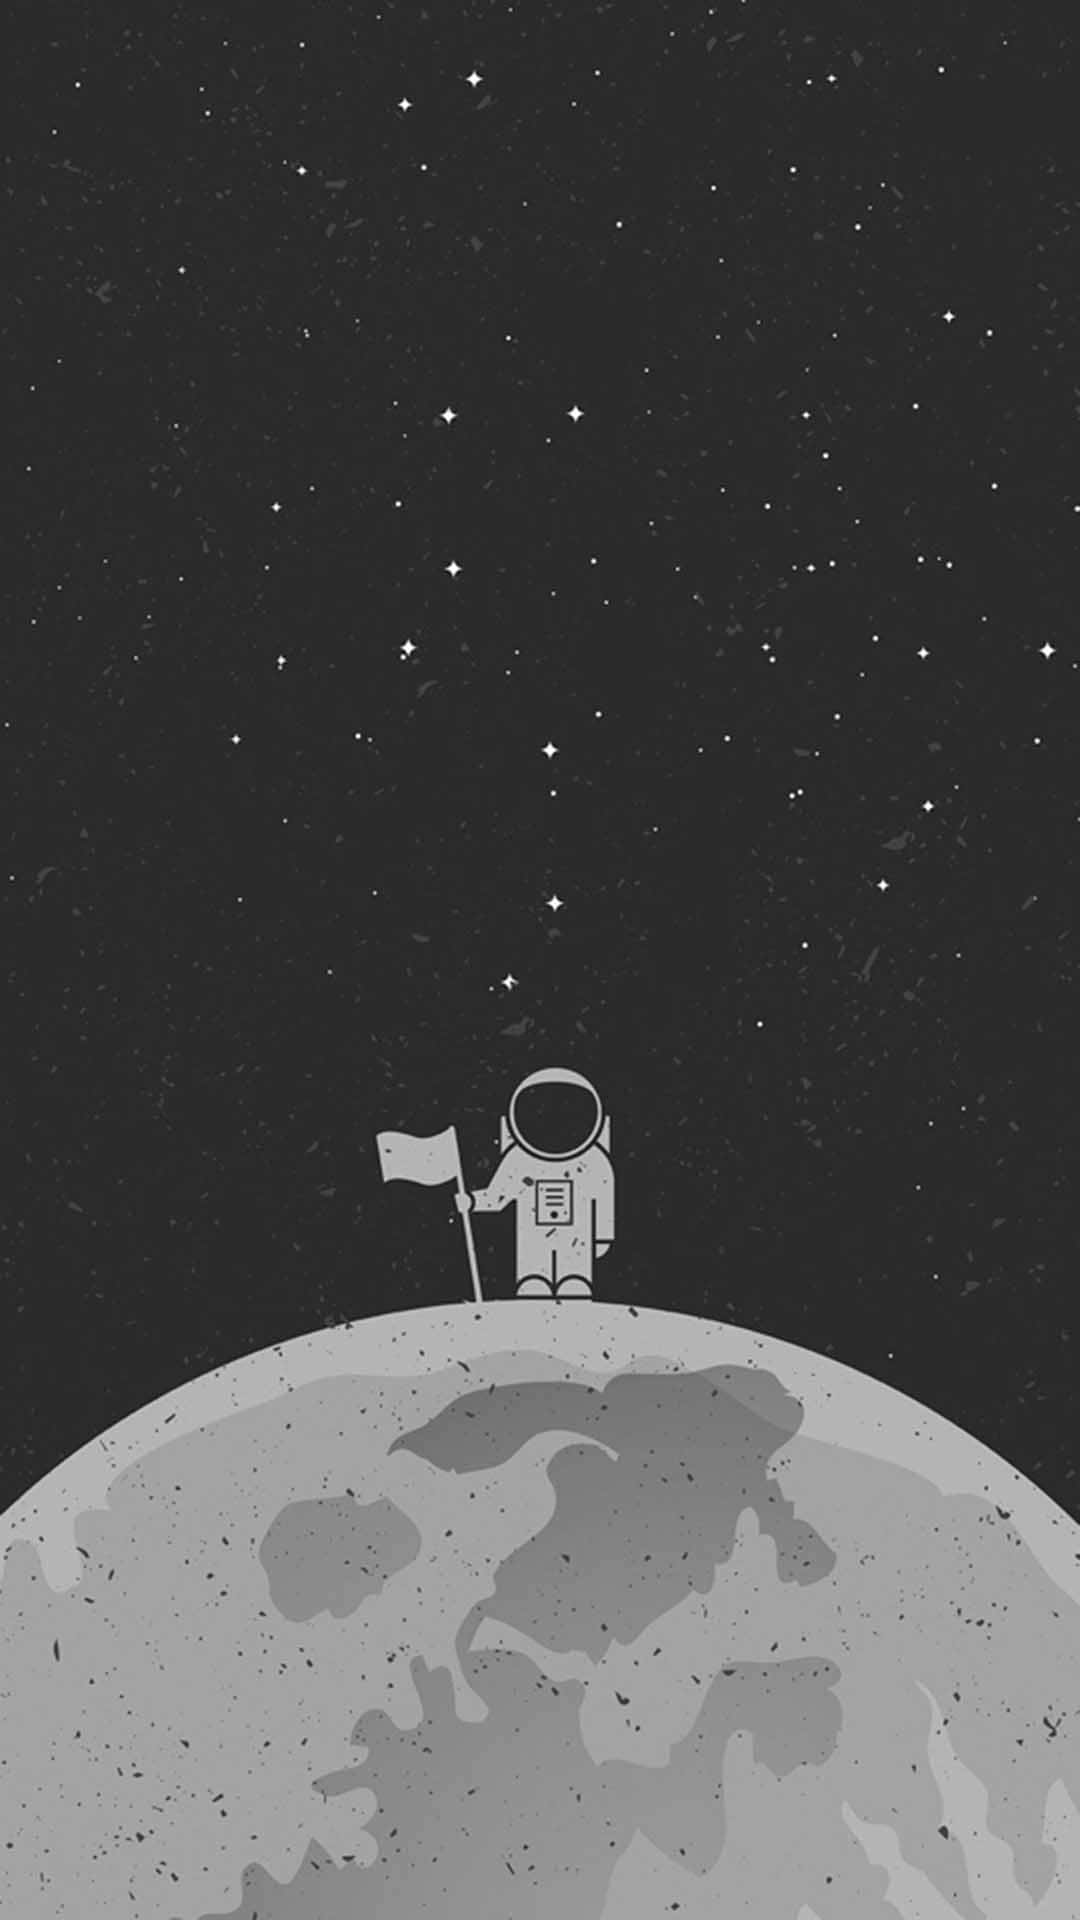 Free Animated Space Wallpaper Downloads, [100+] Animated Space Wallpapers  for FREE 
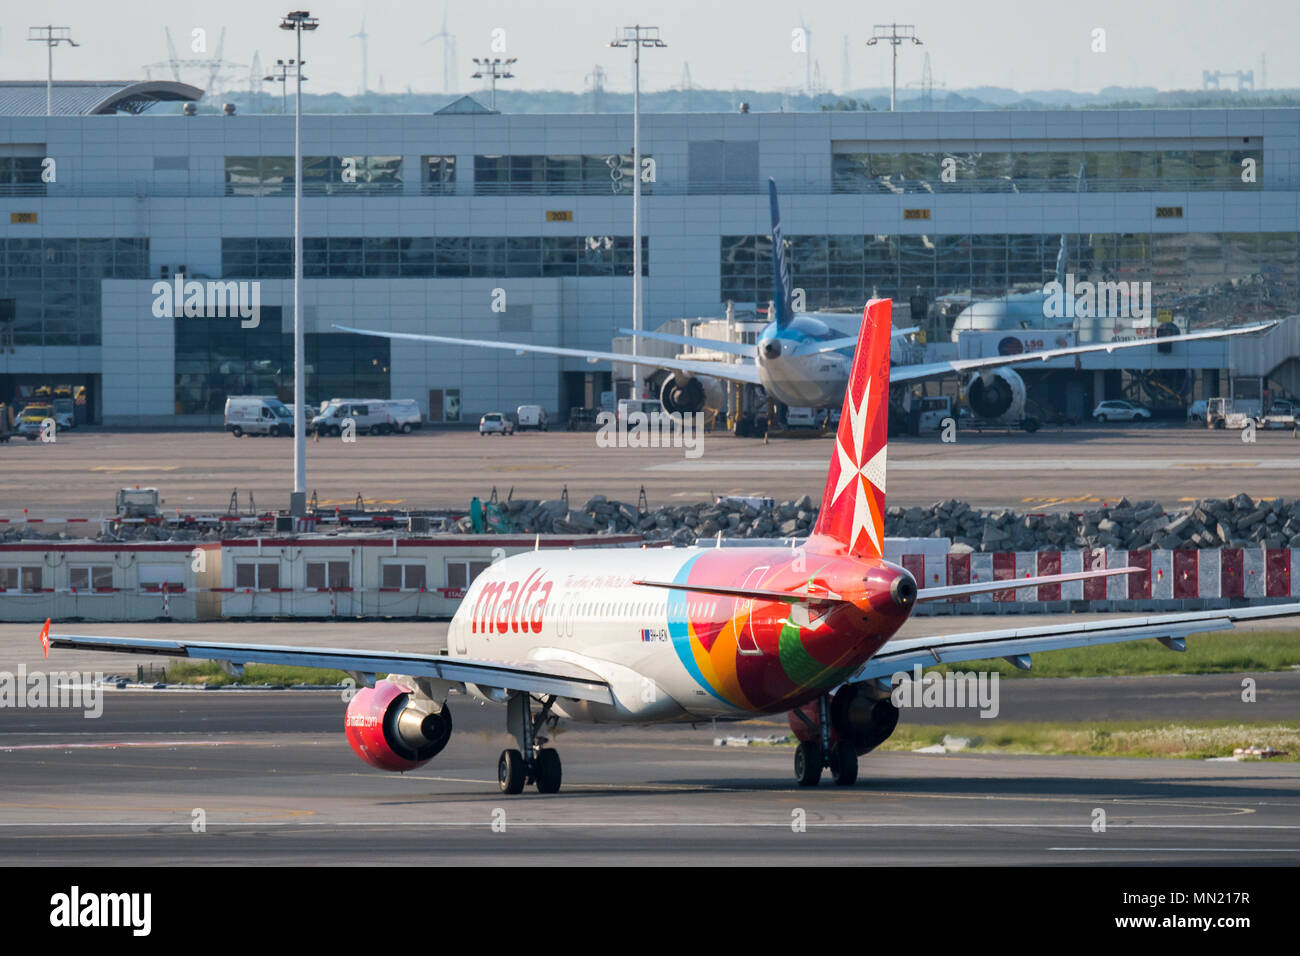 Airbus A320-214, narrow-body, commercial passenger twin-engine jet airliner from Air Malta at Brussels Airport, Zaventem, Belgium Stock Photo
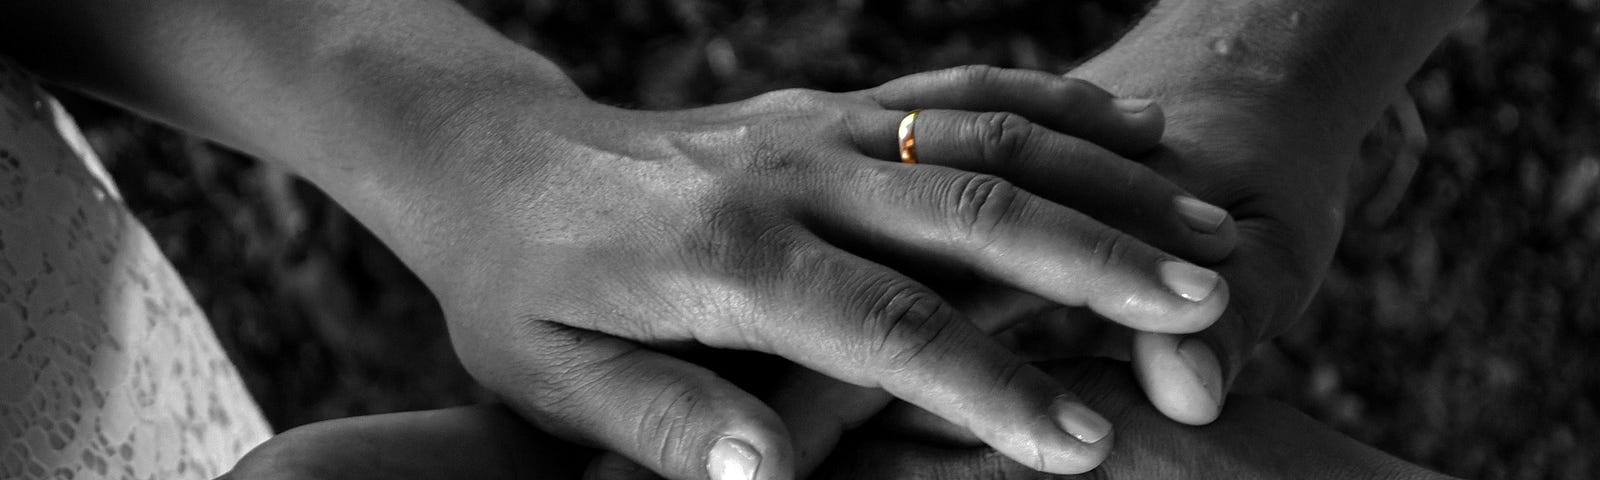 Hands coming together in a gesture of marriage with rings on wedding fingers.
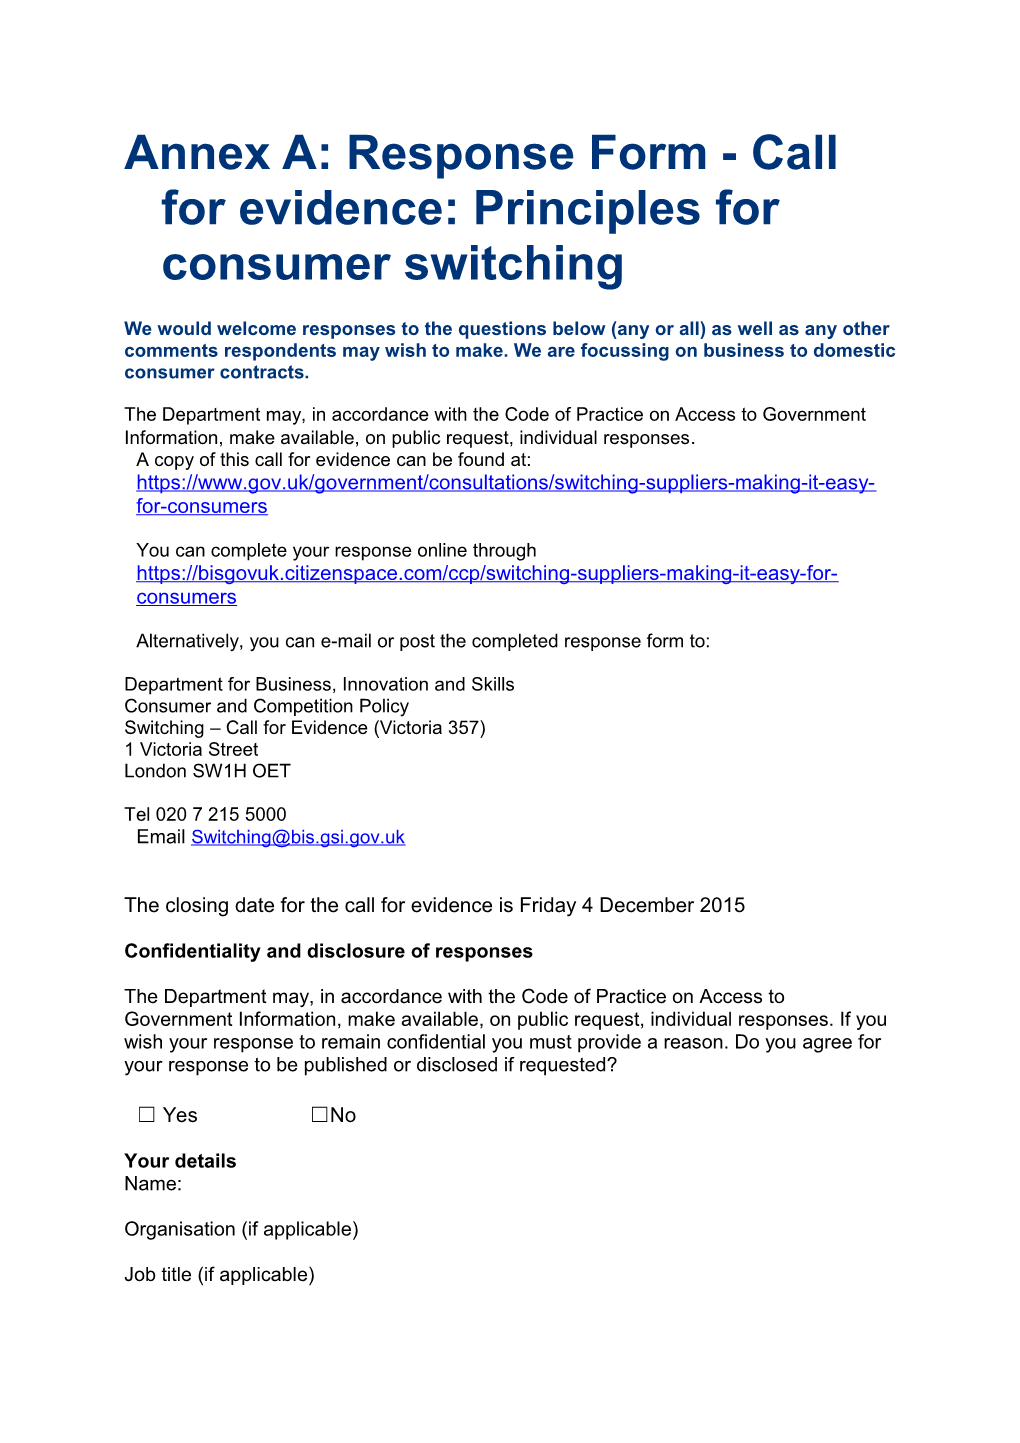 Annexa: Response Form - Call for Evidence: Principles for Consumer Switching
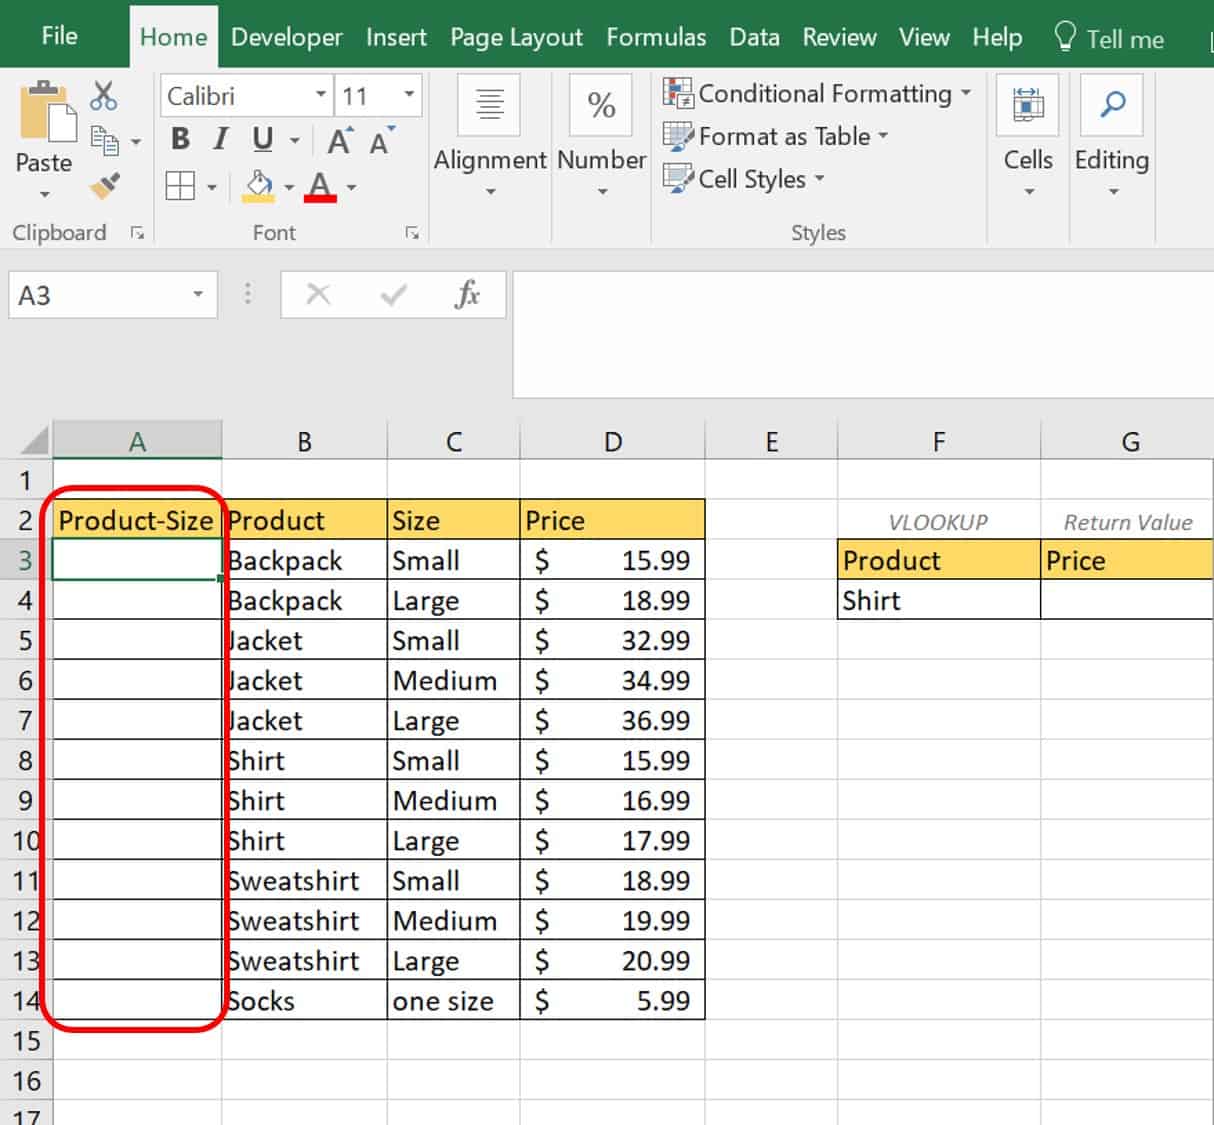 VLOOKUP examples

What you should do - Through to the final line, copy the material above exactly and skip the images.

Your response -
 Free Animated Space Wallpaper Downloads, [100+] Animated Space Wallpapers  for FREE 
 Airbus A320-214, narrow-body, commercial passenger twin-engine jet airliner from Air Malta at Brussels Airport, Zaventem, Belgium Stock Photo
 Hands coming together in a gesture of marriage with rings on wedding fingers.
 Annexa: Response Form - Call for Evidence: Principles for Consumer Switching
 VLOOKUP examples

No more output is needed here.